The trust must provide for payment of all claims by state agencies that have provided funds to the beneficiary, whereas the payback provisions of d4A trusts require that all money in the trust must essentially be tendered to the state, up to the amount paid for the benefits of the recipient. Shewry v. Arnold, 125 Cal. App. 4th 186, 22 Cal./ Rptr. 3rd 488, 2004, held that where a beneficiary of a litigation special needs trust was survived by a disabled child, no recovery is due from special needs trusts. The author considers this favorable holding questionable.

In examining the different requirements of d4A trusts and litigation special needs trusts, drafters should remember that all litigation special needs trusts are d4A trusts in the eyes of Medi-Cal and SSI.

Getting a first party trust set up: Although a disabled individual can transfer assets to his or her trust, the law does not permit the individual to be the settlor of the trust.

The statute clearly permits the court, or a parent or grandparent, or a guardian (conservator in California for someone over age 18) to be settlor of the trust. So it would be possible to use a Conservatorship and substituted judgment; or to set up the trust through the Section 3600 proceedings; or to have a parent or grandparent establish the trust.

For individuals under age 65 who have no parent or grandparent, who have capacity, and who want to avoid the expense of a Conservatorship, it is possible to name an attorney in fact with the power to create a trust and then have the attorney in fact get a court order passing on the proposed action of establishing the trust. By this procedure the court "establishes" the trust by approving the petition of the attorney in fact, who then settles the trust.

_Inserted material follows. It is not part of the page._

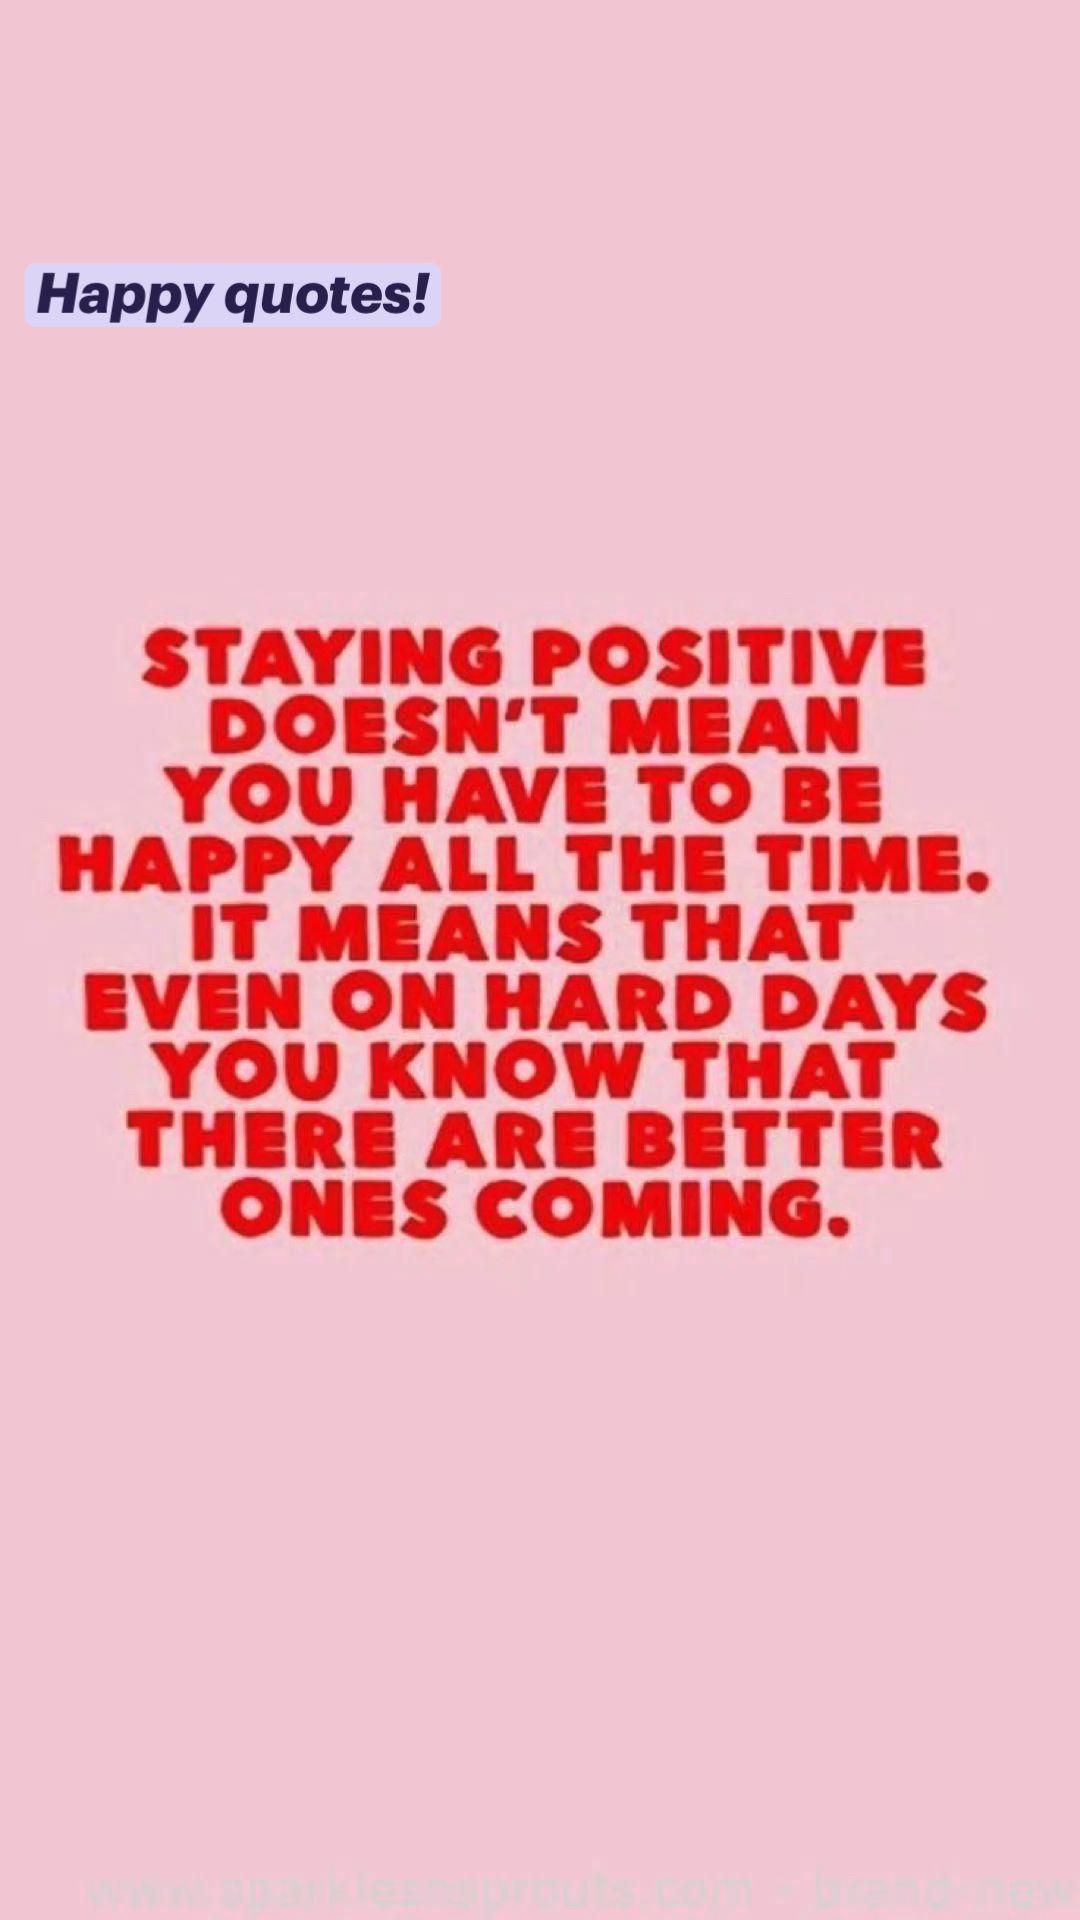 Happy quotes!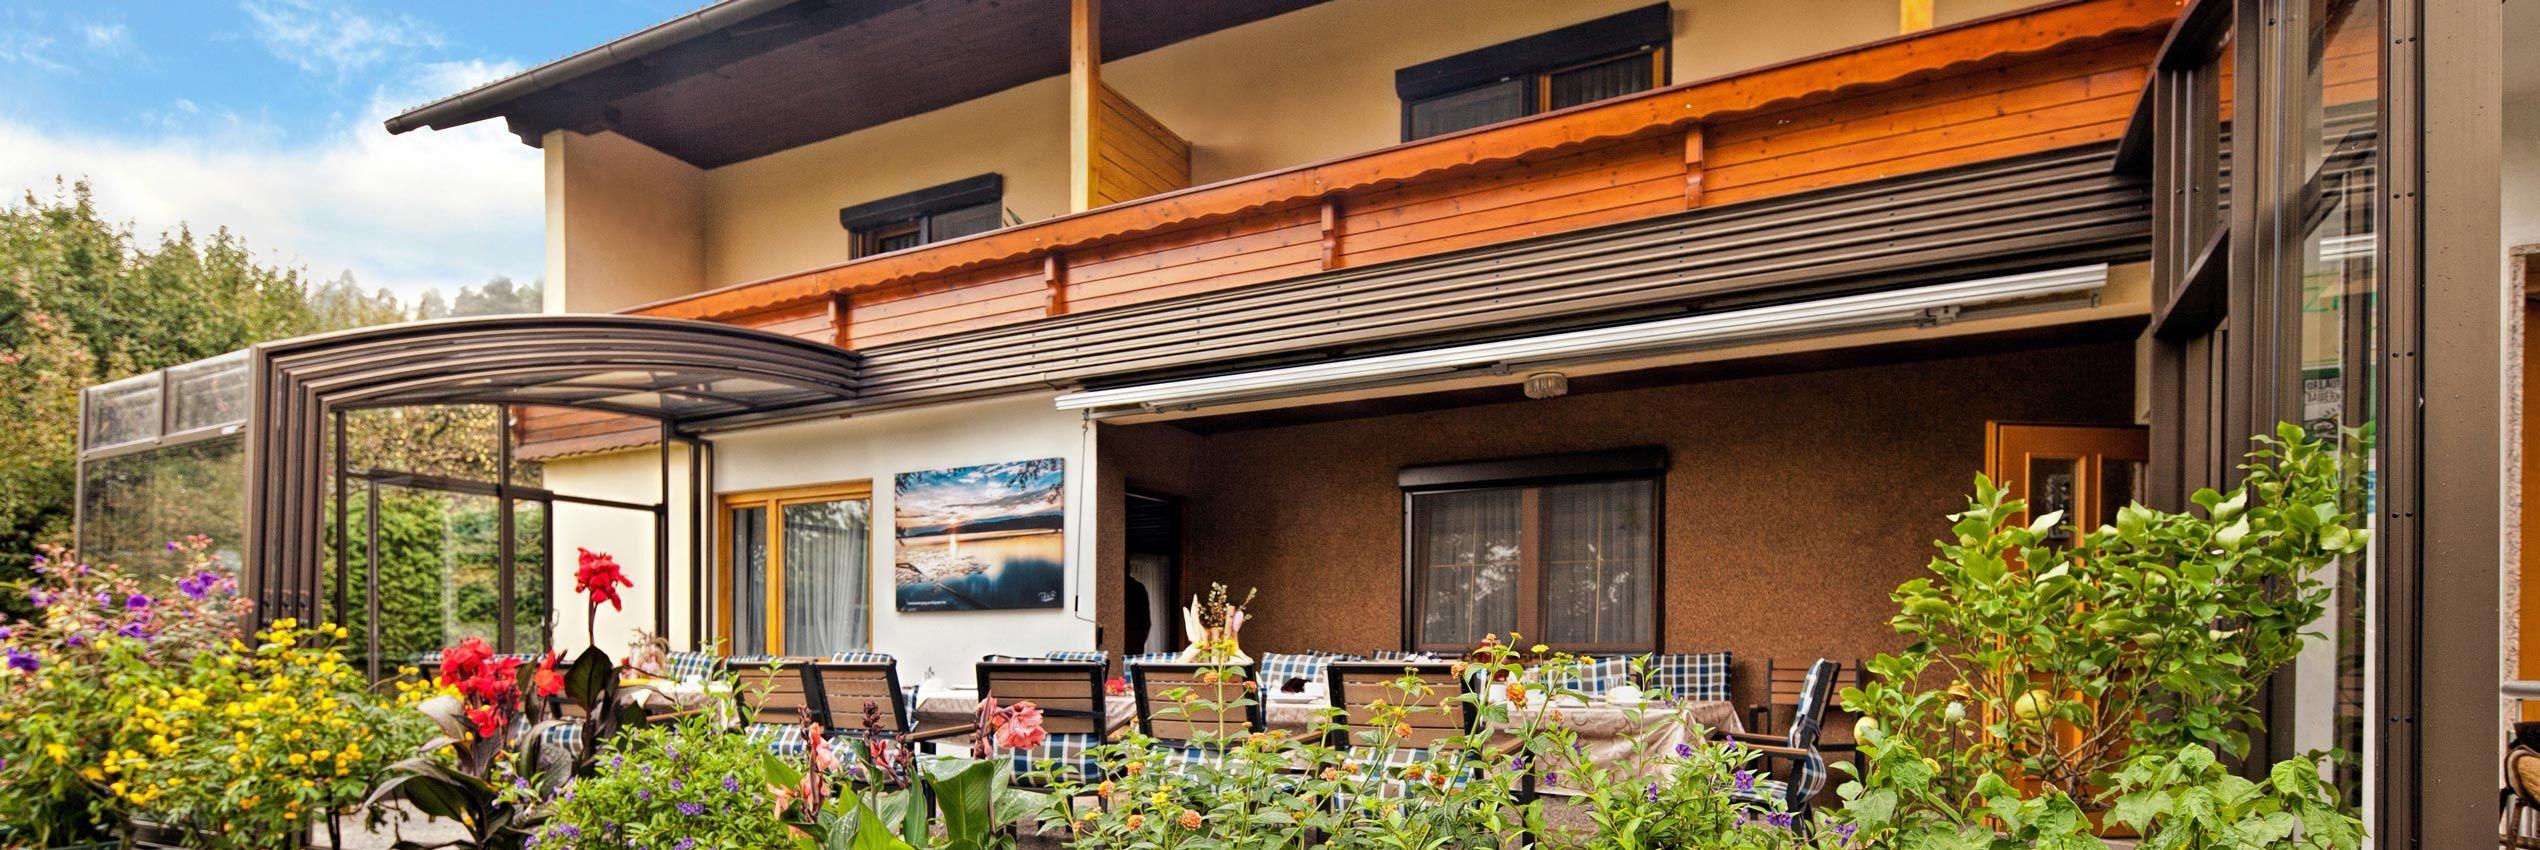 Geschlossene Terrassenüberdachung CORSO Premium für Horeca

The statute for enforcement of powers of attorney applies: Probate Code Section 4500, and 4541(b). Some courts allow these matters to be done ex parte, since only the principal and the agent are entitled to notice. The agent is the petitioner, of course, and the principal can ratify the petition.

Complying with California Rule of Court 7.903: This rule of court, described in detail in the CANHR Legal Network News, Spring 2005, retains court jurisdiction over certain court-created and court-funded trusts, specifically those acted upon under Probate Code Sections 2580 et seq., 3100 et seq., and 3600 et seq. Trusts created under Section 4500 are not included. Drafters should read the rule of Court with care at the time they draft the trust, to avoid conflicts that would cause the court to reject the trust.

Anyone working in this area should review the fine series on d4A trusts written for the Net News by Gregory Wilcox, A (d)(4)(A) Q & A, (a four part series from 2002 and 2003 available on CANHR’s website). This four part series examines in detail questions relating to taxation of special needs trust, distribution possibilities, and most other aspects of the d4A trust.

Peter S. Stern, Esq. is an attorney in private practice in Palo Alto, California.